[Your objective]:
Scan the records below for the line with "Drawing Development in" and the line with "If you want". Repeat those two lines and every line between them exactly, and nothing else.

[Data]:
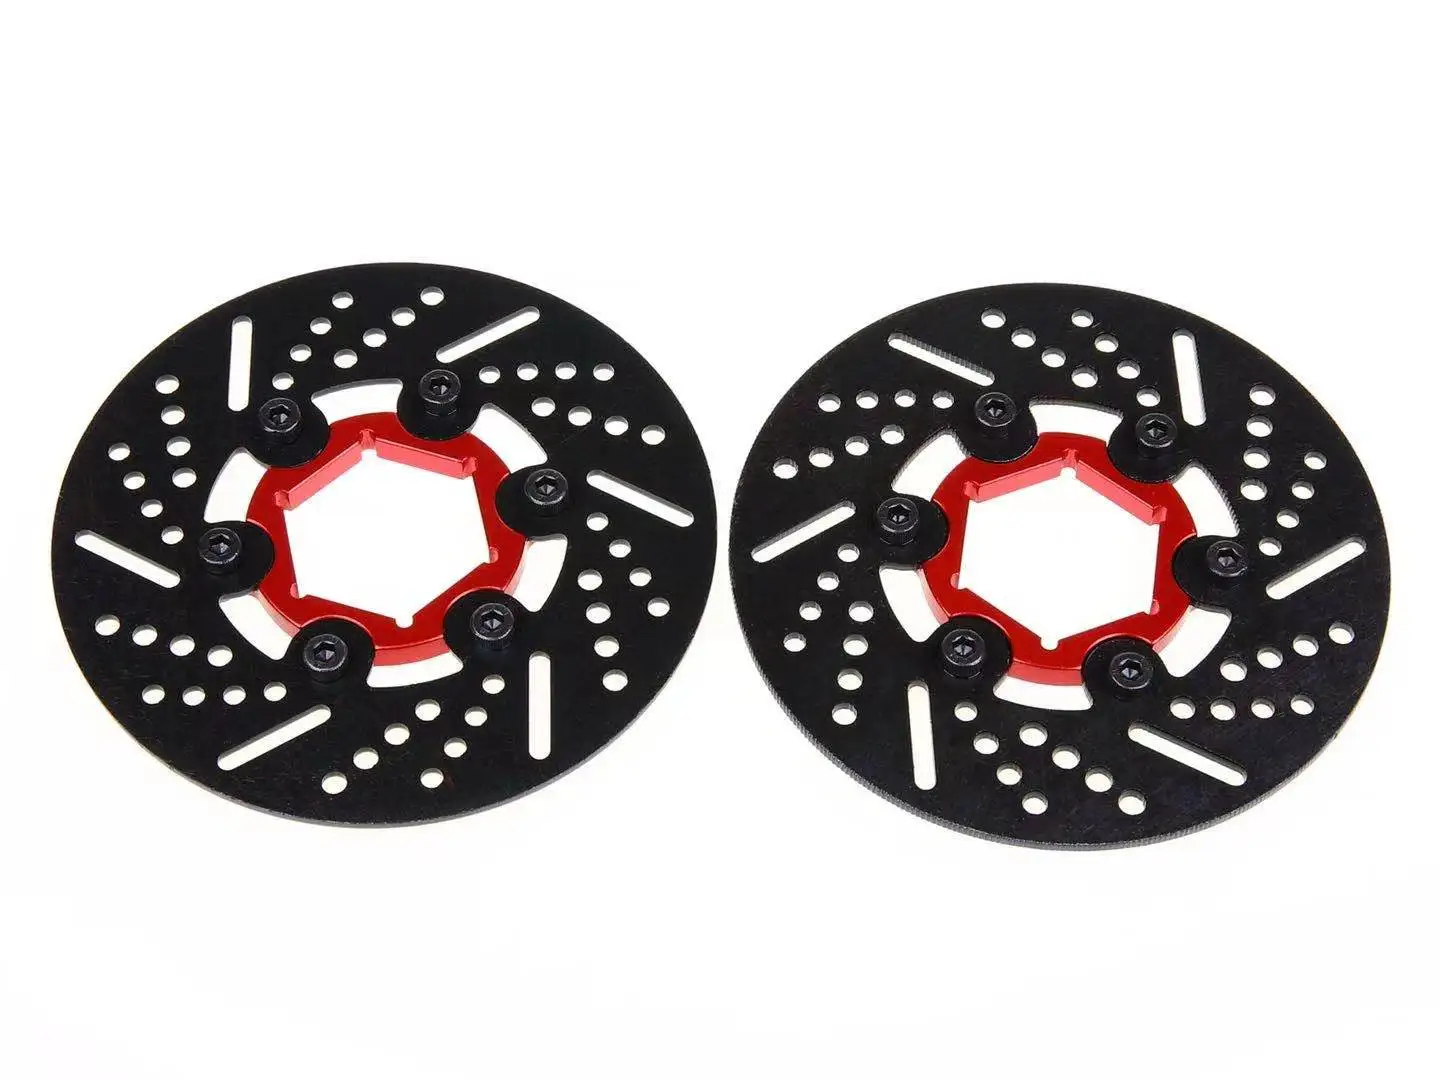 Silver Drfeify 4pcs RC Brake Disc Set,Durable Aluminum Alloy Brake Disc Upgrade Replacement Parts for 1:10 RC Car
==
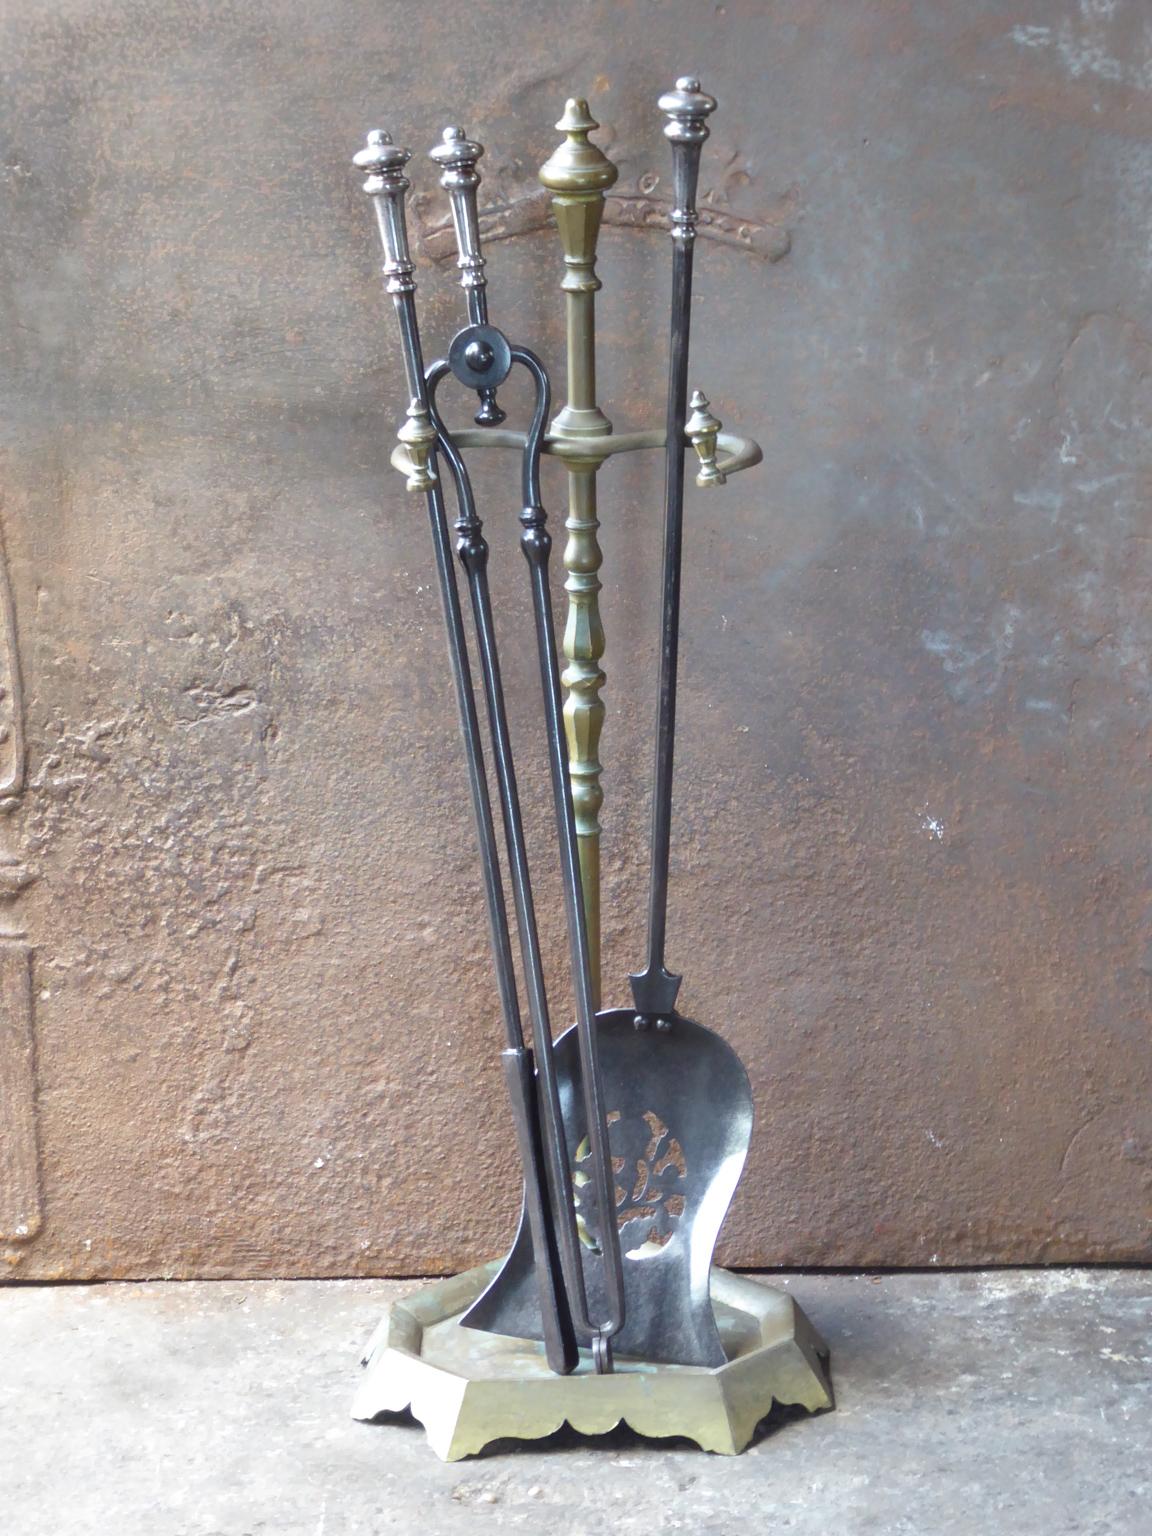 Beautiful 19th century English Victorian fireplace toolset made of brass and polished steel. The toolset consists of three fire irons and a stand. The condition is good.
---
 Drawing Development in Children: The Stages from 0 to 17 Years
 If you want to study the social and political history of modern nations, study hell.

[Exercise result]:
 Drawing Development in Children: The Stages from 0 to 17 Years
 If you want to study the social and political history of modern nations, study hell.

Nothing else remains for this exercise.